REQUIRED WORK
In your copy of the data, keep every word exact and include no pictures.
(Beginning of DATASET SECTION)
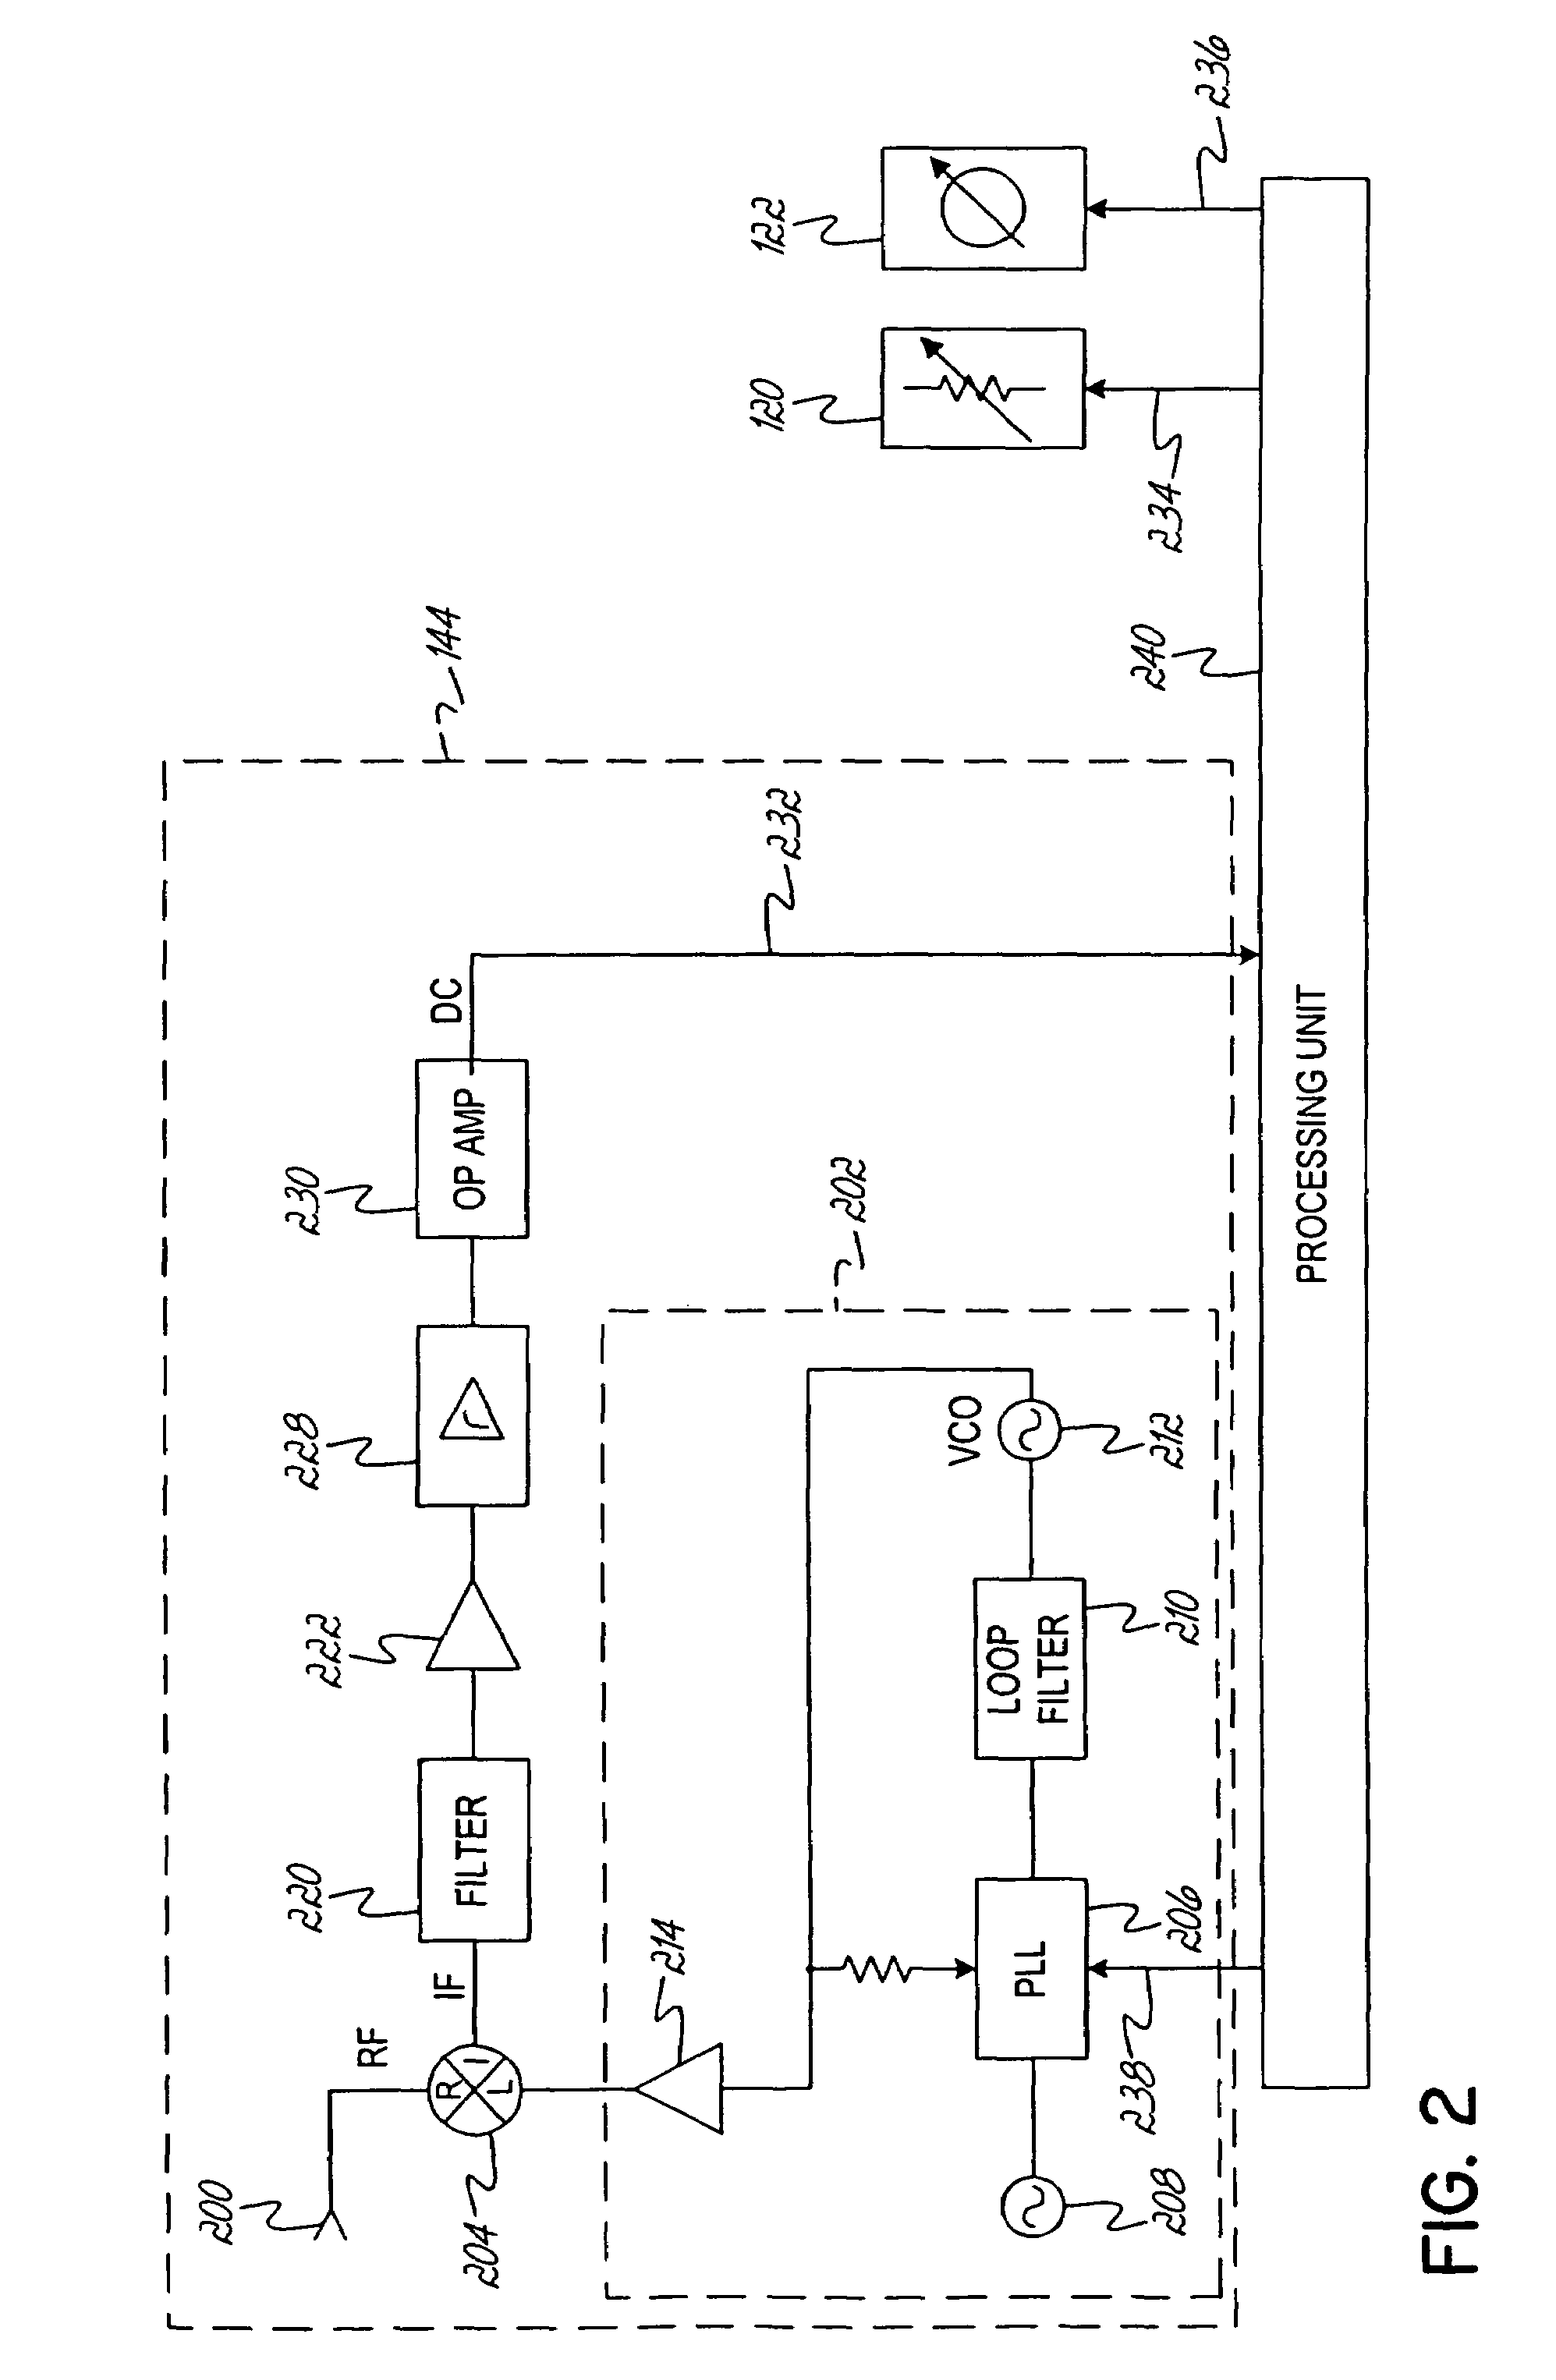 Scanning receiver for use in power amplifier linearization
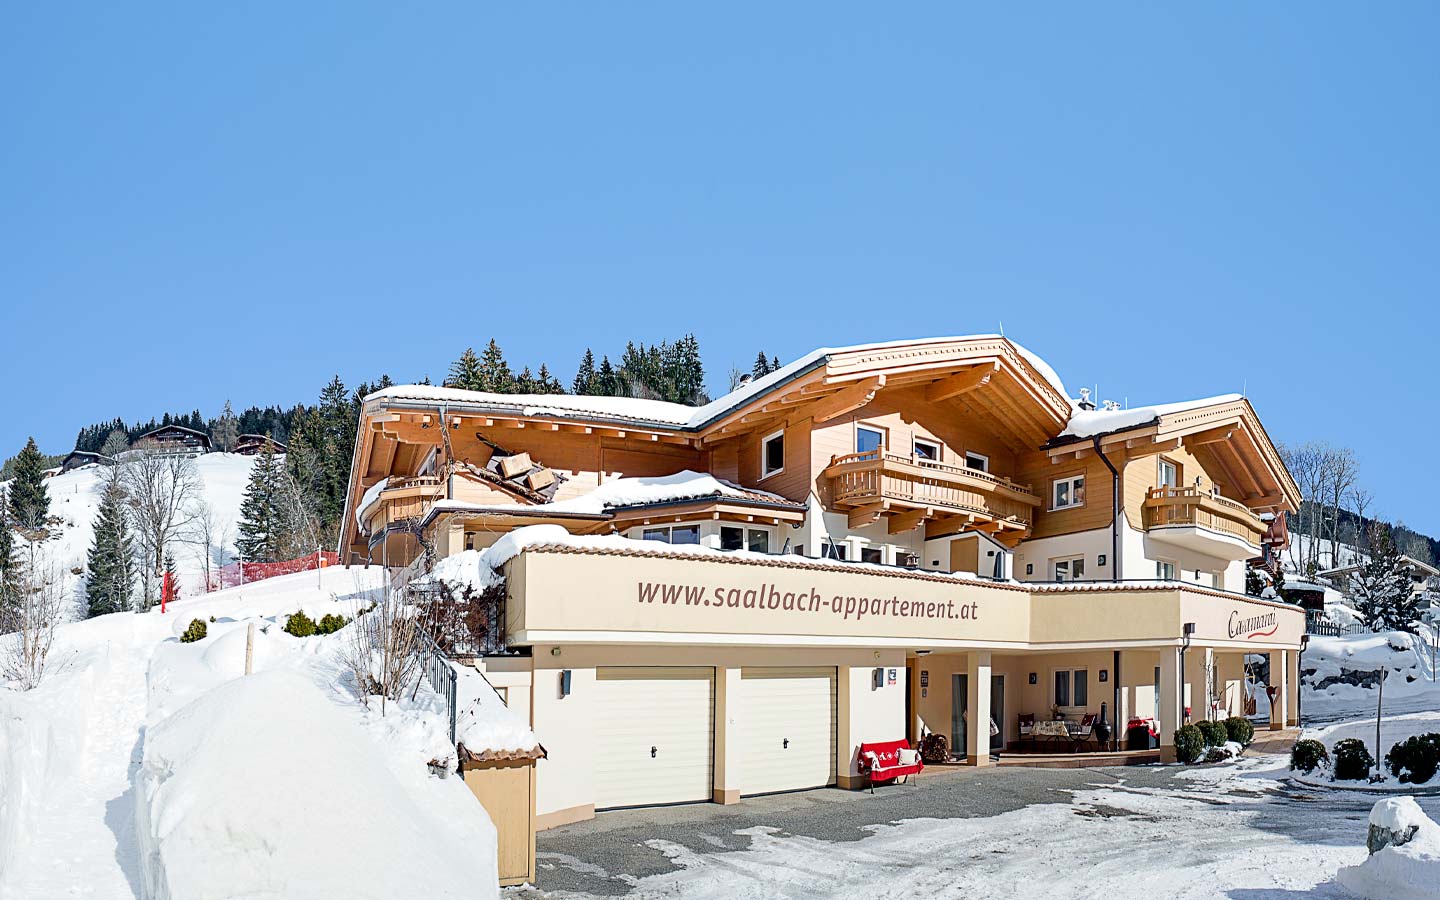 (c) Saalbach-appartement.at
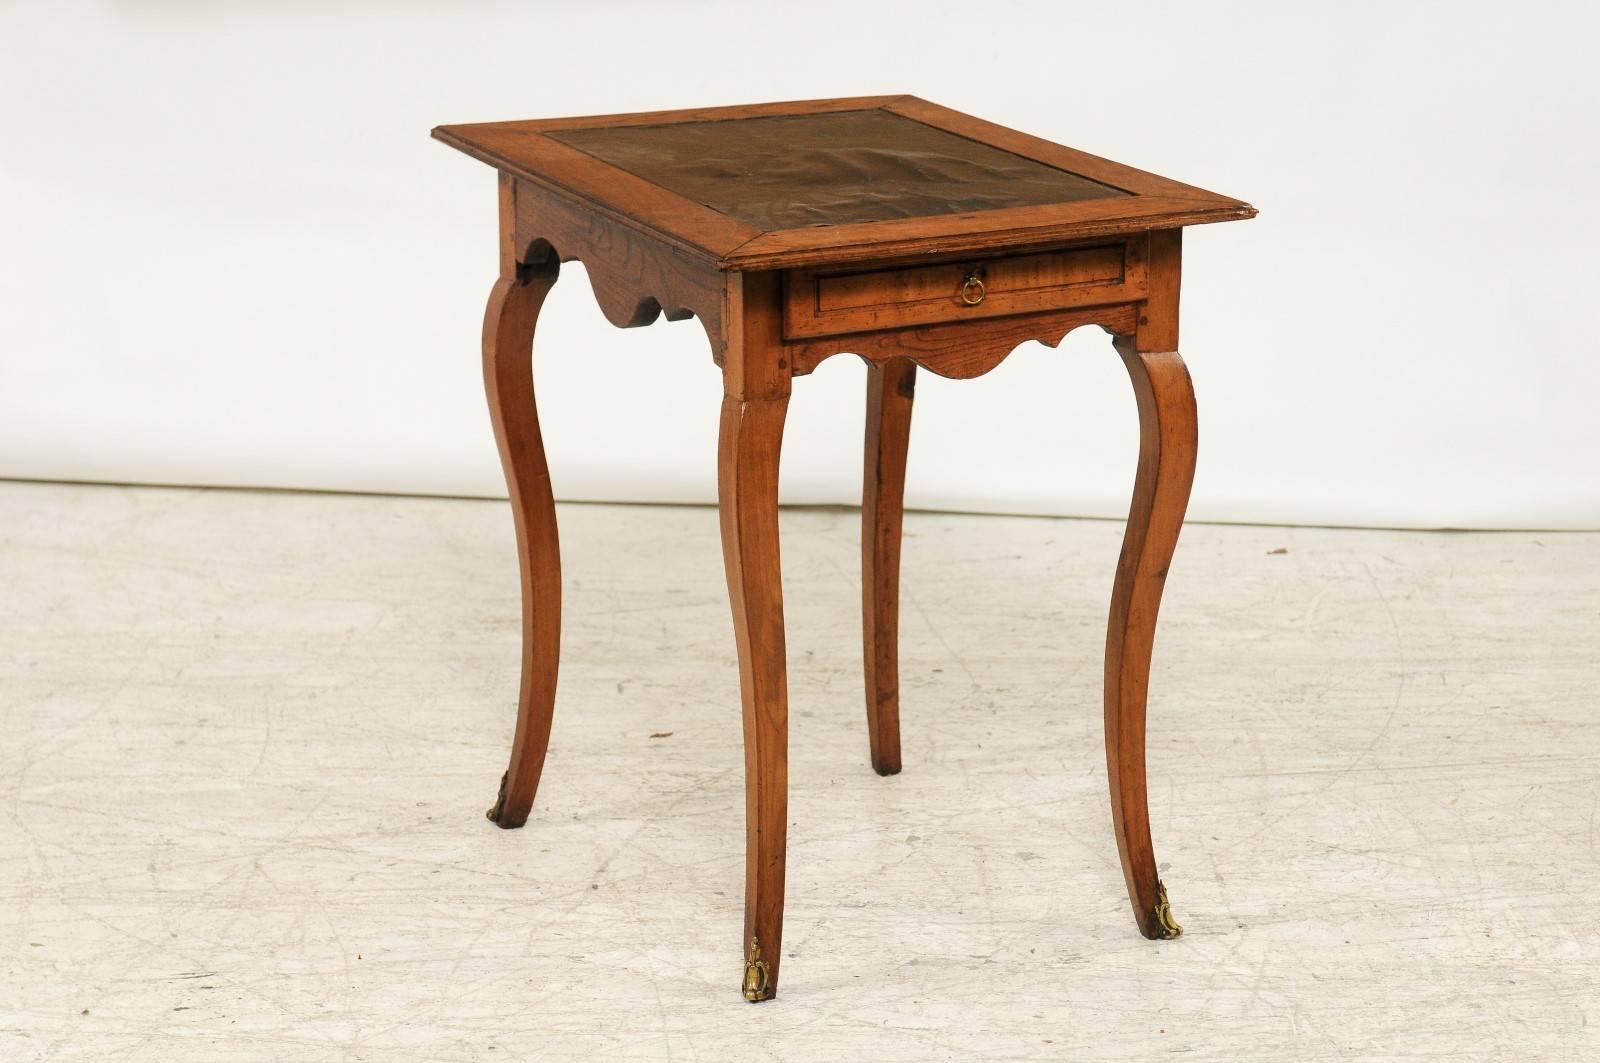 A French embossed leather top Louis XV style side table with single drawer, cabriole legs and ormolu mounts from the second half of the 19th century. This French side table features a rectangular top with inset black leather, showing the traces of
(End of DATASET SECTION)
COMPLETED EXERCISE
 Scanning receiver for use in power amplifier linearization
 (c) Saalbach-appartement.at
 A French embossed leather top Louis XV style side table with single drawer, cabriole legs and ormolu mounts from the second half of the 19th century. This French side table features a rectangular top with inset black leather, showing the traces of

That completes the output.